The Luntz Memo: Future Fear vs. Present Pain

Although a lively debate is now taking place as to whether the Luntz memo represents a realistic approach to defeating Obama’s as-yet unwritten health care reform or merely self-aggrandizement for Luntz, the debate misses the point. Sure, the Borg-effect is going strong in which Republican members of Congress are already being assimilated into Luntz’s language. But the real issue isn't how relevant Luntz's scare tactics are or are not for politicians. The real issue is how relevant they are to you.
A college professor of mine once opined that while you might effectively trick or distract any other sense, the brain never loses track of touch – especially if it’s pain. In words I still remember, he said, “You can easily lose track of where things are in your vision, or hear sounds coming from the wrong side, sure. But if you have a weasel attached to your arm and then step onto a nail, your brain doesn’t say, ‘Now where is that weasel?’” Oppositional political messaging – especially when, as with the GOP and health care, you can’t offer an alternative solution – is all about distraction, and the Luntz memo is no exception. But you’d have to be from a different planet in order for some of these distractions to work with the exact situation that so many Americans face today. The pain is just too real, and just too widespread.
Yes, some people have an inherent distrust of the government’s potential to interfere with their lives, but that’s not really the point today. Nor is whatever justification is used to drop the word “rationing” as a future threat. People have far less trust in and very present-tense anger at the insurance companies who are already interfering with their lives, and they’ve become all too familiar with what real rationing is. As a powerful letter to the editor in today’s NY Times reads, “As any doctor will tell you, when a private health insurance plan delays or denies a physician-recommended service, it is deciding who gets care and what kind of care people get. That is rationing.” Thanks to years of HMOs and private insurance, we know all too well what denial is. We have it now.
Yes, Luntz is able to describe a nightmare scenario of making the crisis personal, about the possibility that your own children could be denied the care they need under some hazy future government bureaucracy. But the fear of losing your health coverage is exactly the same fear, and it’s acute in this economic climate. People are losing their coverage with their jobs now. More and more companies are dropping benefits. Those that continue offering benefits may well be cutting back or asking employees to pay more of the share. Forget fear about a theoretical future we can only sort of understand – that’s immediate fear. Telling us we should be much more afraid about something else is a poor substitute when your only choice is to take or leave what your employer gives you, or take your chances on the expensive individual market. Thanks to years of skyrocketing costs, individuals, families and business owners have never paid more for premiums, never paid more for prescription drugs, never paid more for co-pays and never known so many people (possibly including ourselves) who are on the cusp of being uninsured or underinsured because of the recession. Too many people know exactly what it is to not be able to give their children the care they need when they need it. It’s called “not being able to pay for it.”

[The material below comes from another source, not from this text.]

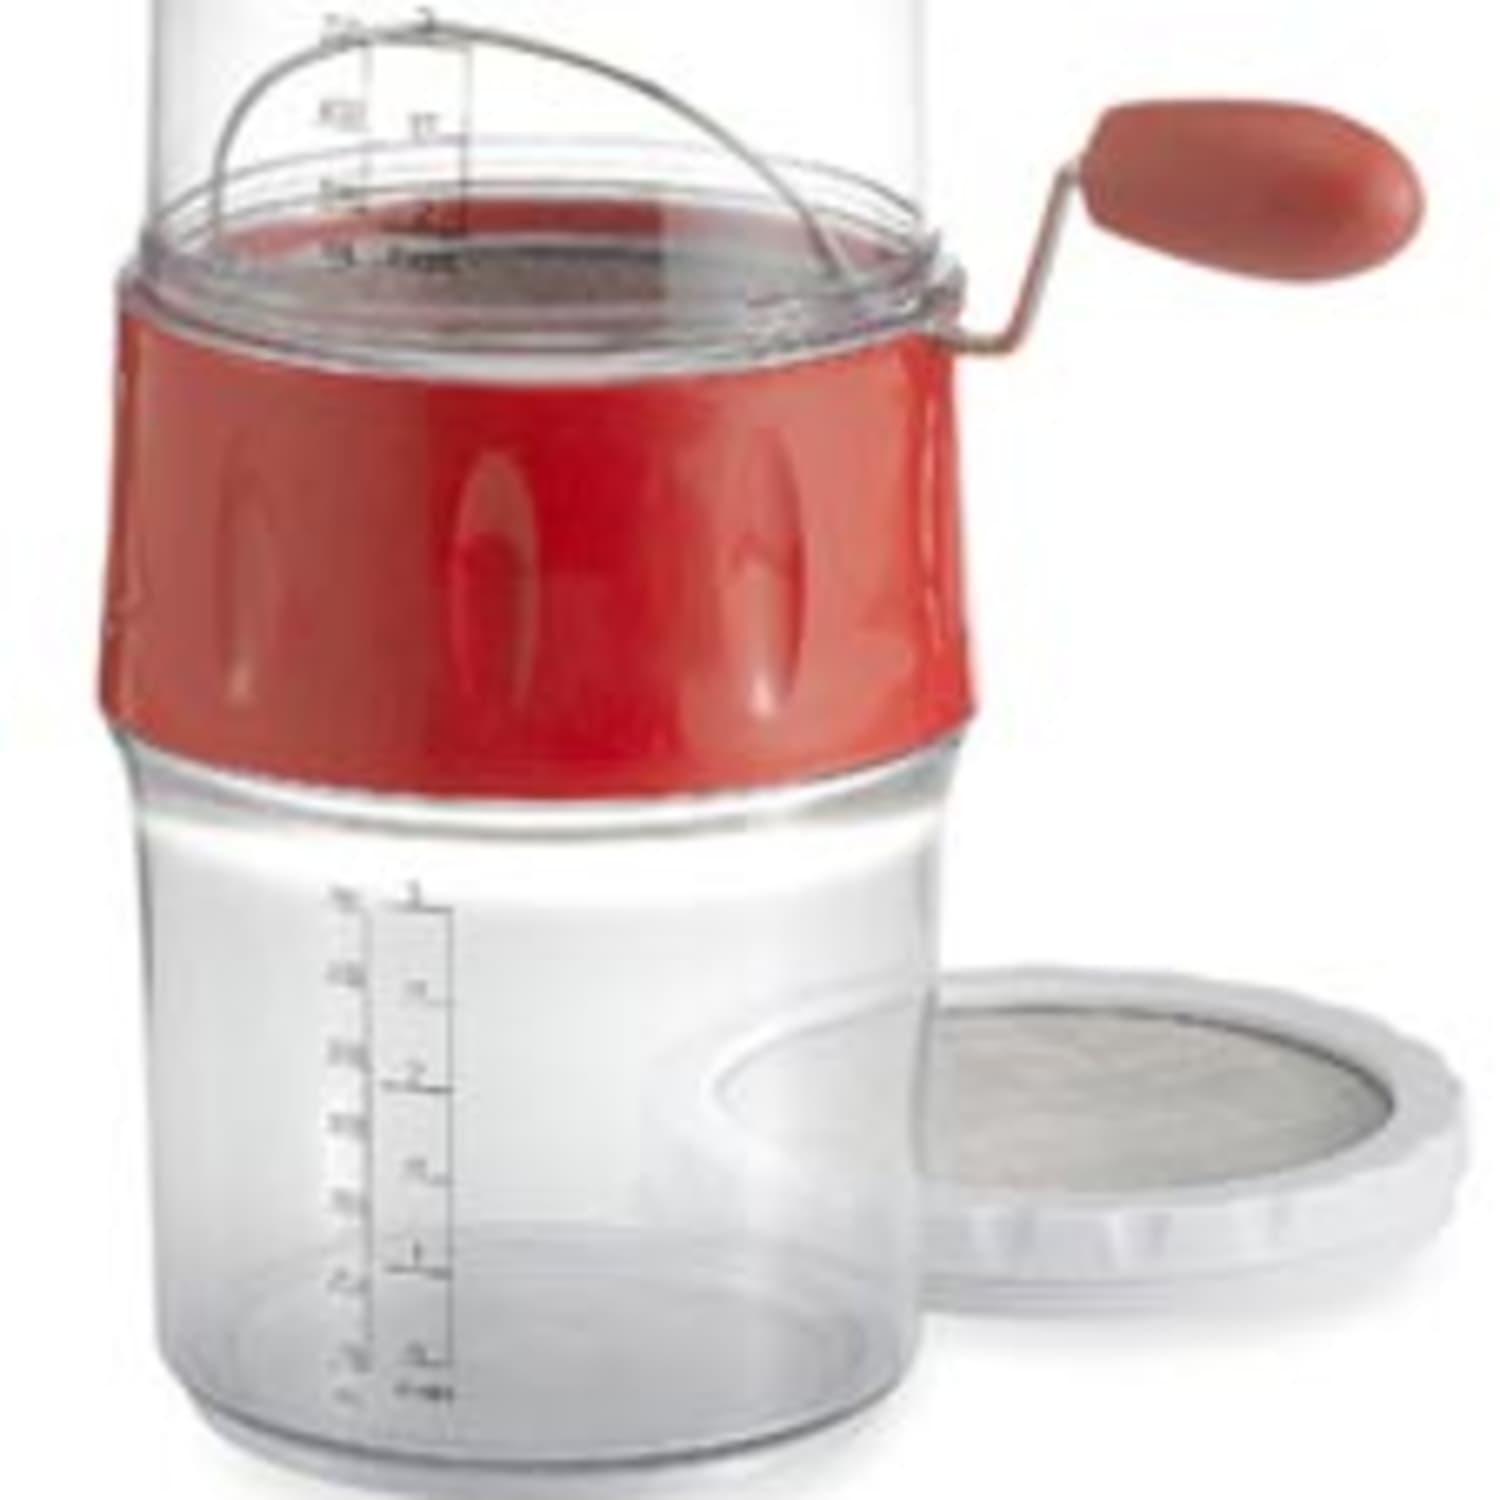 Williams Sonoma Flour Sifter, Baking Tools
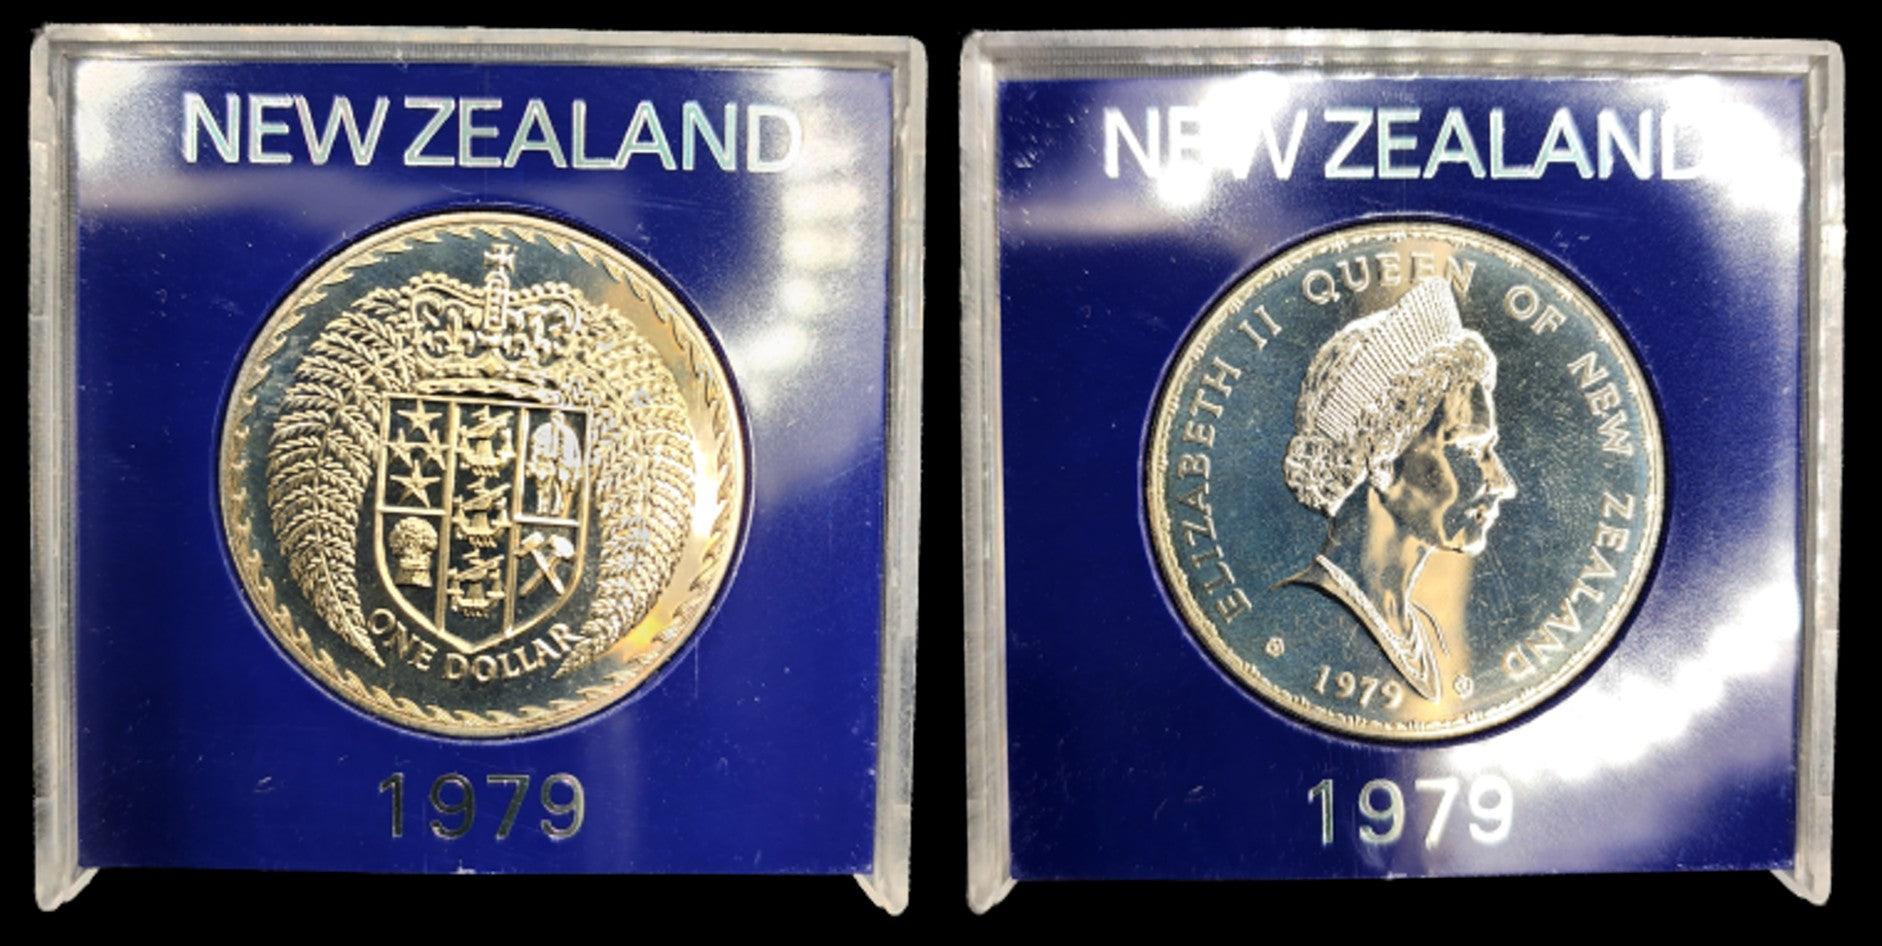 1979 New Zealand One Dollar Coin - Shield of Arms Series - Berry Portrait First Year - Loose Change Coins

It’s almost like the Luntz memo is describing another world, one where our broken health care system is a source of annoyance rather than pain. As the Kaiser Family Foundation and Commonwealth Fund (via Jon Cohn) show, that’s just not the case. 68% have had trouble paying for medical bills in the past 12 months. 54% of chronically ill patients had trouble getting access to care this year because of cost. More from KFF’s poll: 53% found themselves using home remedies, cutting pills in half, or skipping or postponing care because they just couldn’t afford what they need. That’s the world we live in today.
The Luntz memo itself gets it: “Fully 70% of Americans consider our healthcare system to be either in a state of crisis or seriously troubled and requires significant reform.” In answer to this, though, neither he nor all those GOP-Borg adopting his language offer a solution. They just offer more things to be afraid of. And that’s where I think, for all the poll-tested language, their argument jumps off the rails. Future fear just can’t trump present pain.